◆ Exercise data ◆
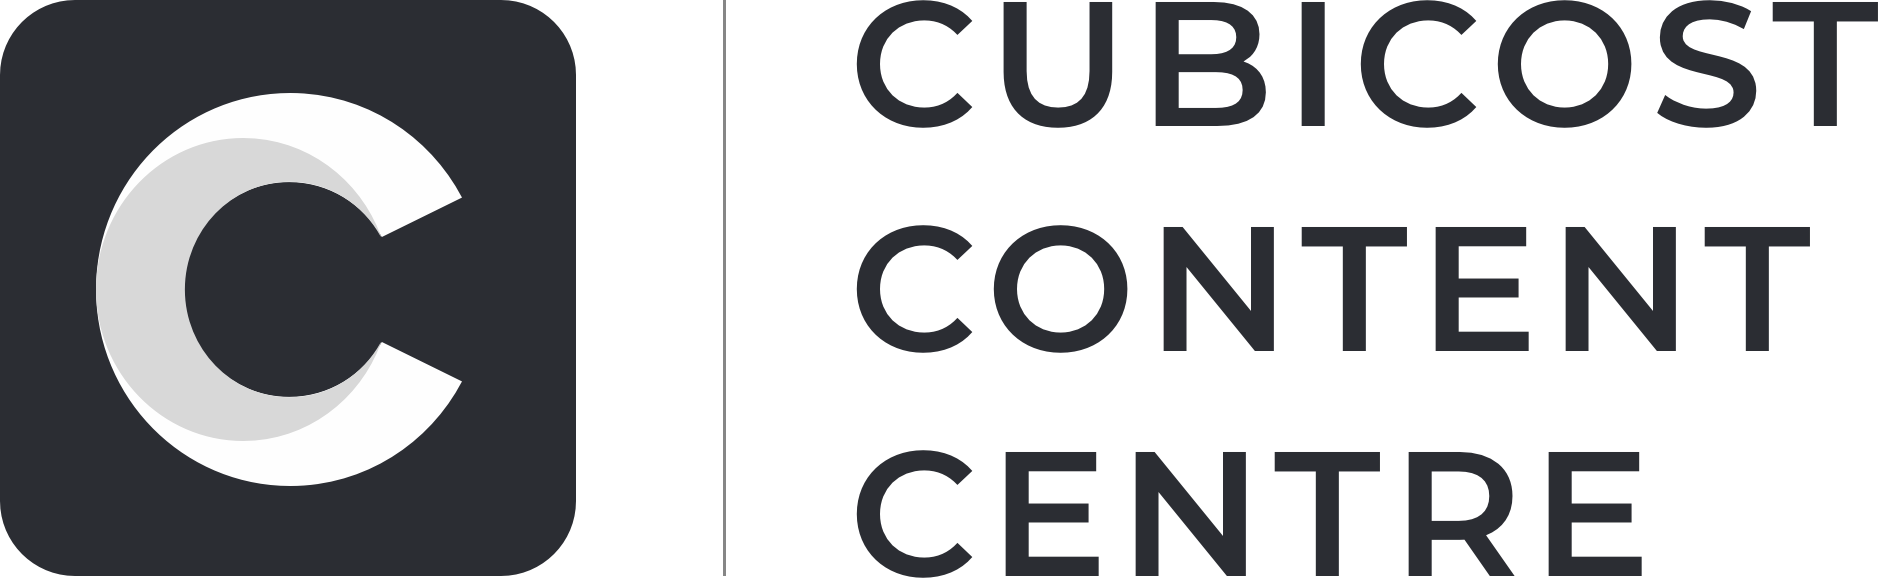 ccc-logo2
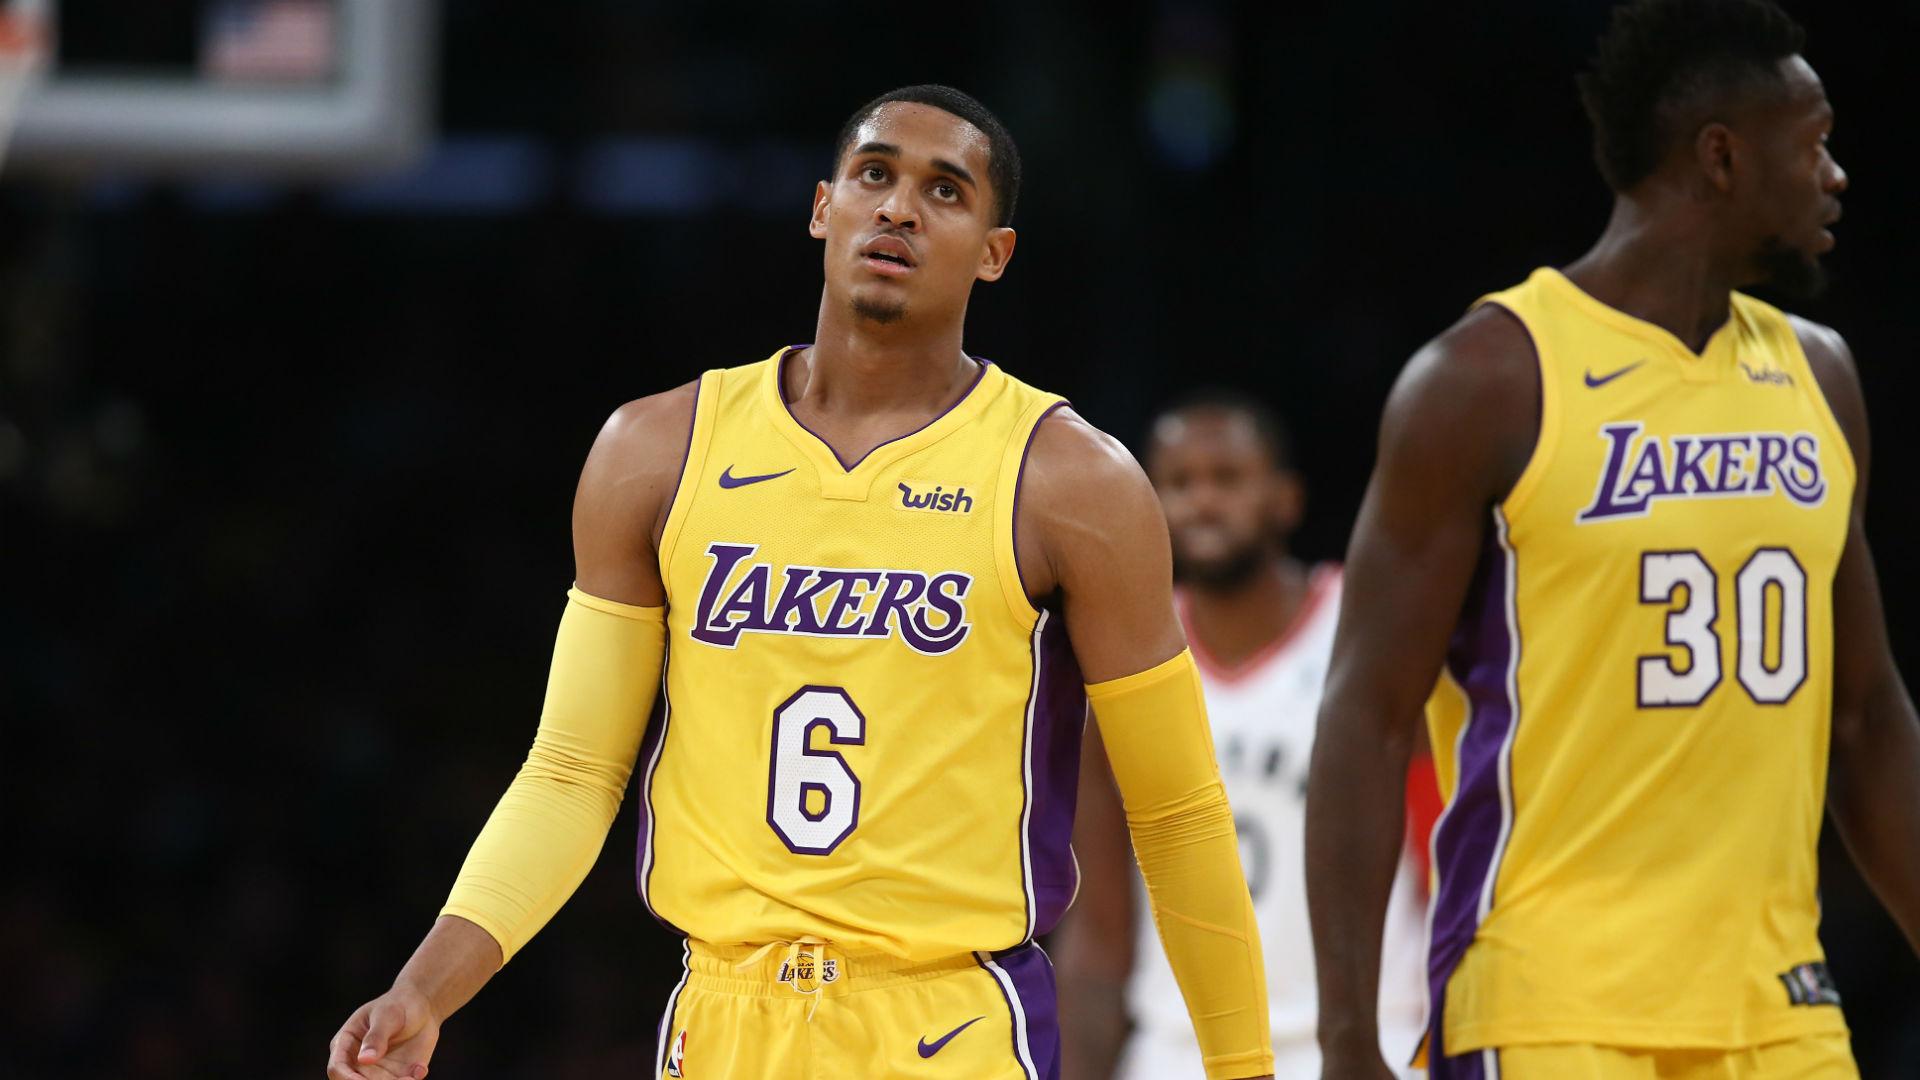 NBA trade rumors: Lakers have offered Julius Randle, Jordan Clarkson in trade talks
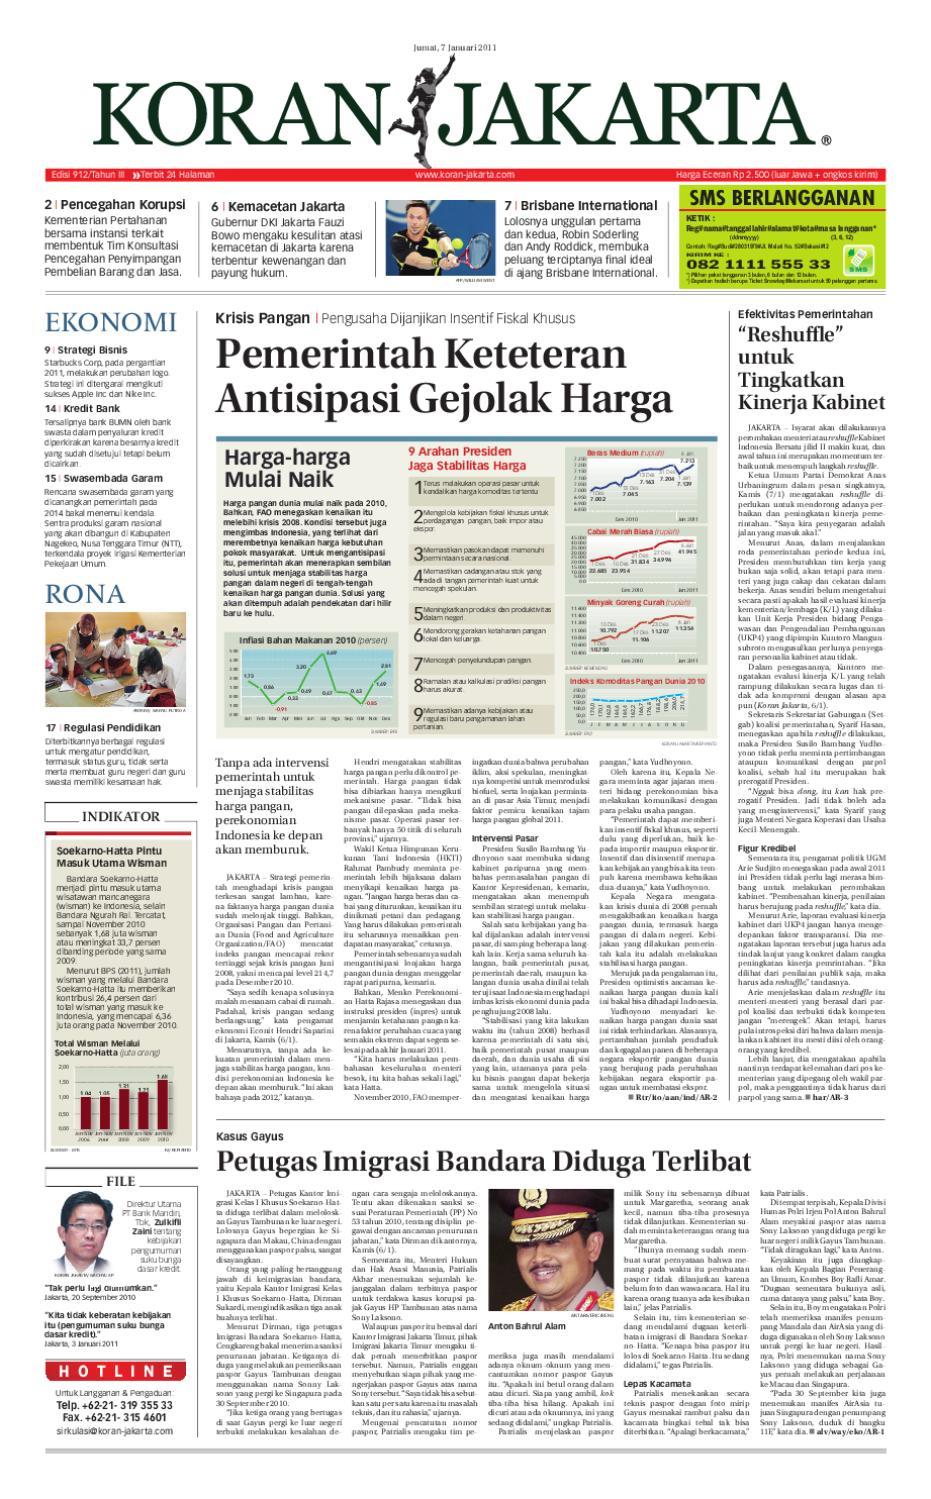 EDISI 912 7 JANUARI 2011 By PT Berita Nusantara Issuu
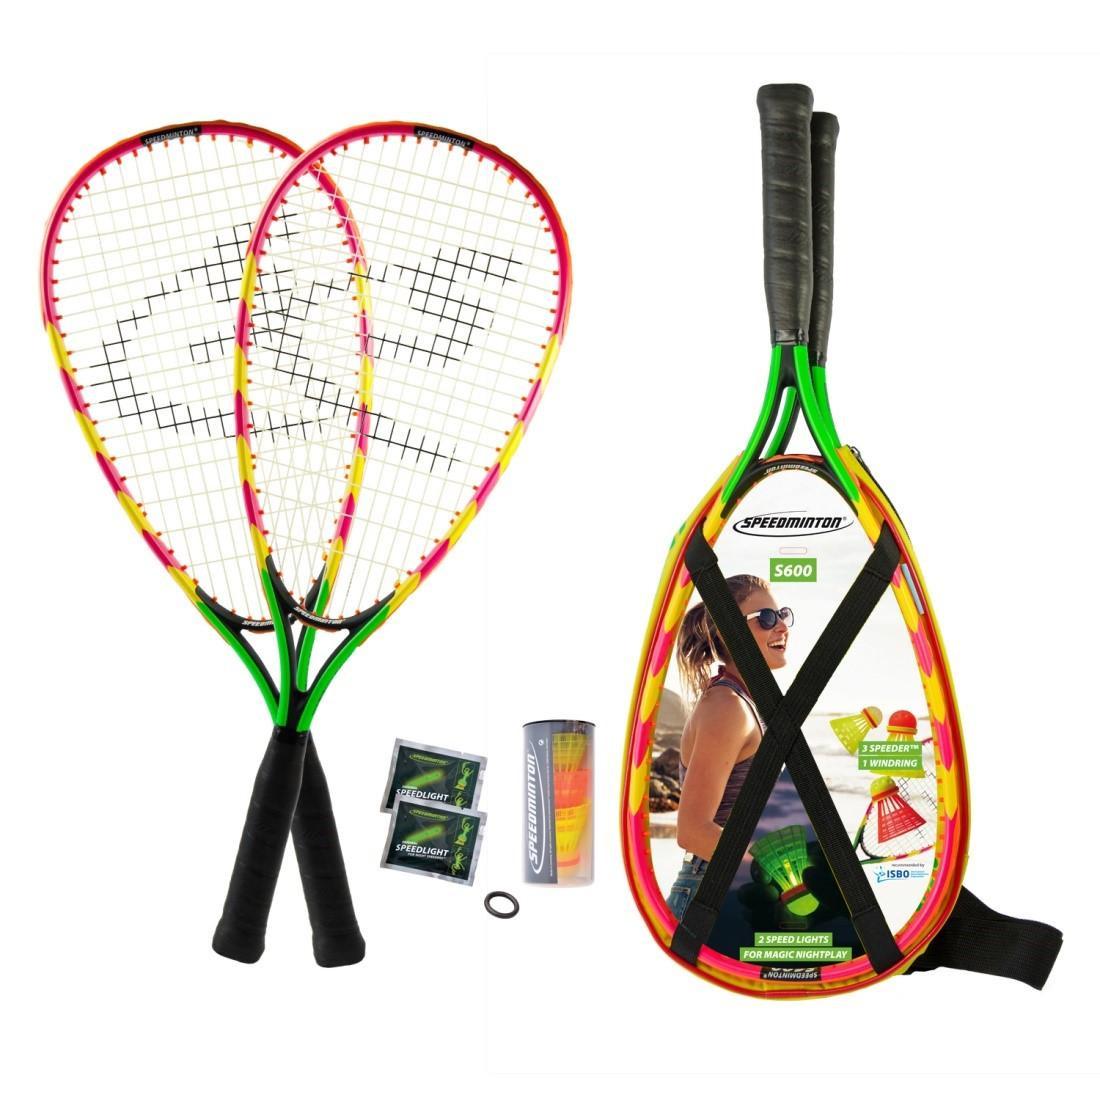 Набор для спидминтона Speedminton Set S600 Green/Yellow/Red - Интернет-магазин Sports Trend в Киеве
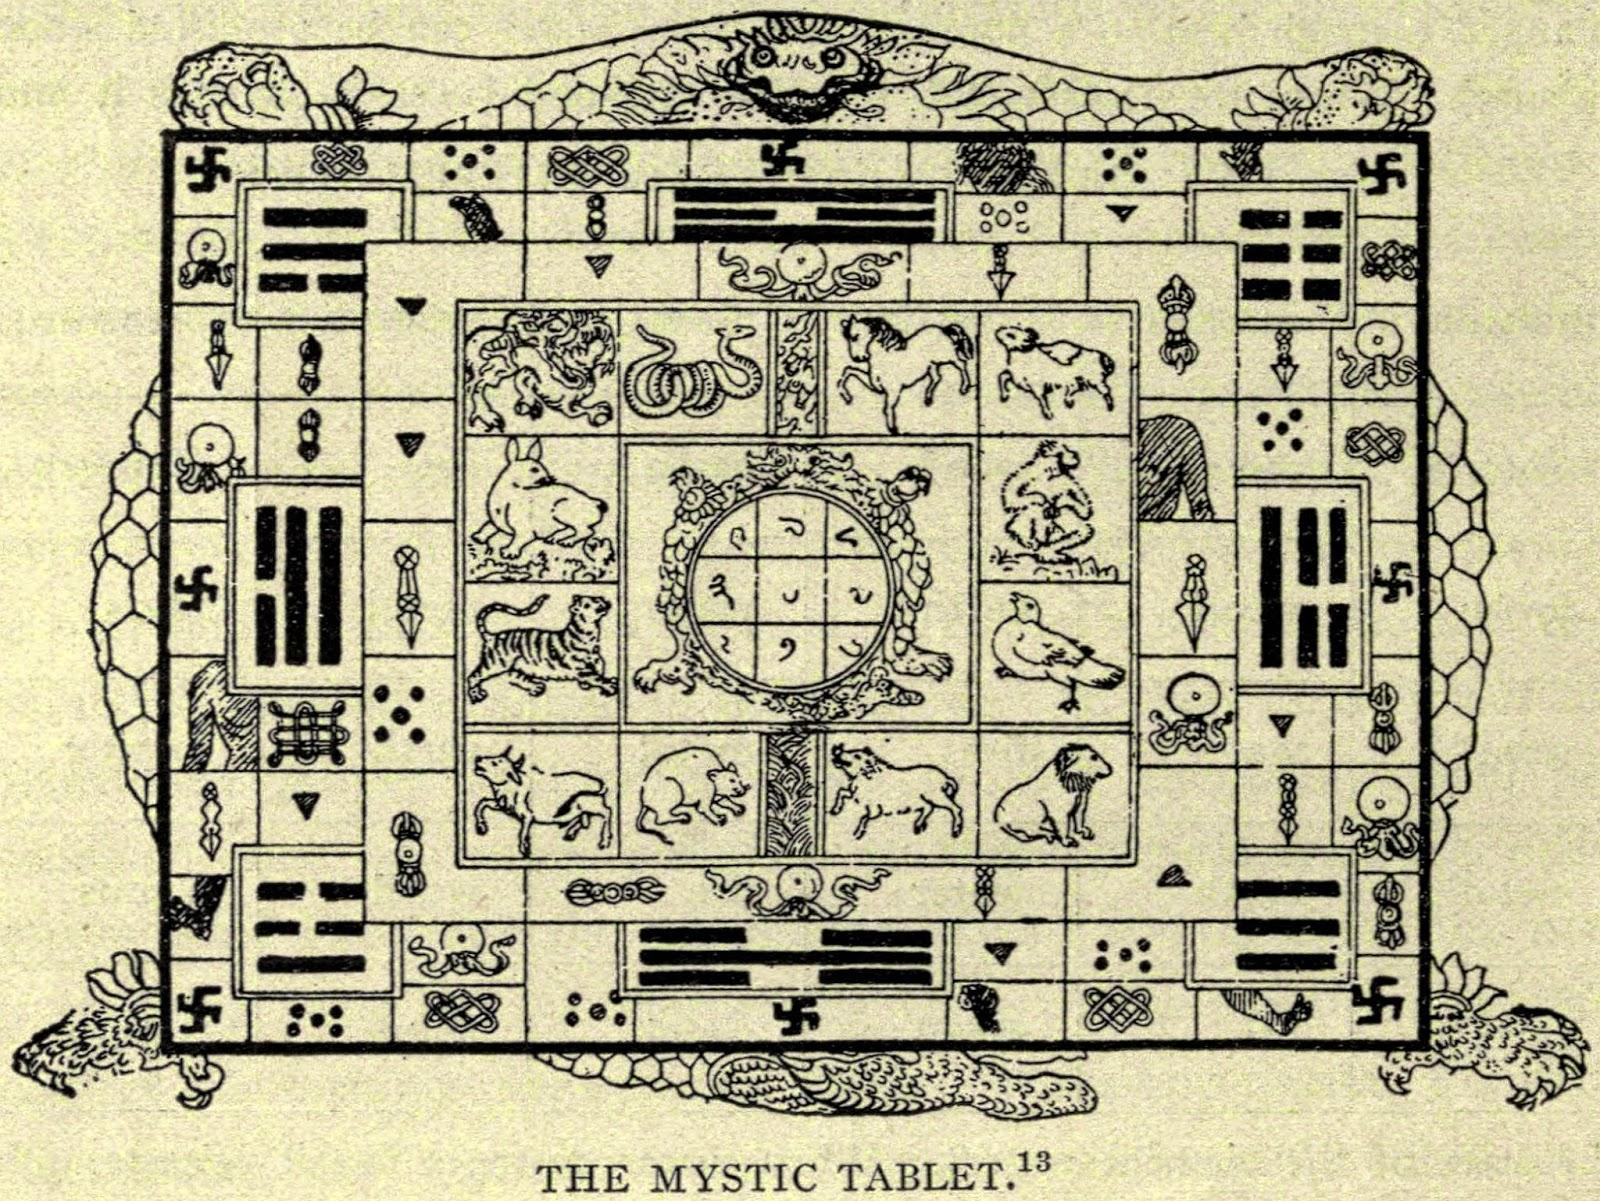 Mystic-table.jpg

◆ Task goal ◆
The response must restate exactly the lines from the one containing "NBA trade rumors: Lakers" through the end of the records above and must leave out all pictures.

◆ Reply to the task ◆
 NBA trade rumors: Lakers have offered Julius Randle, Jordan Clarkson in trade talks
 EDISI 912 7 JANUARI 2011 By PT Berita Nusantara Issuu
 Набор для спидминтона Speedminton Set S600 Green/Yellow/Red - Интернет-магазин Sports Trend в Киеве
 Mystic-table.jpg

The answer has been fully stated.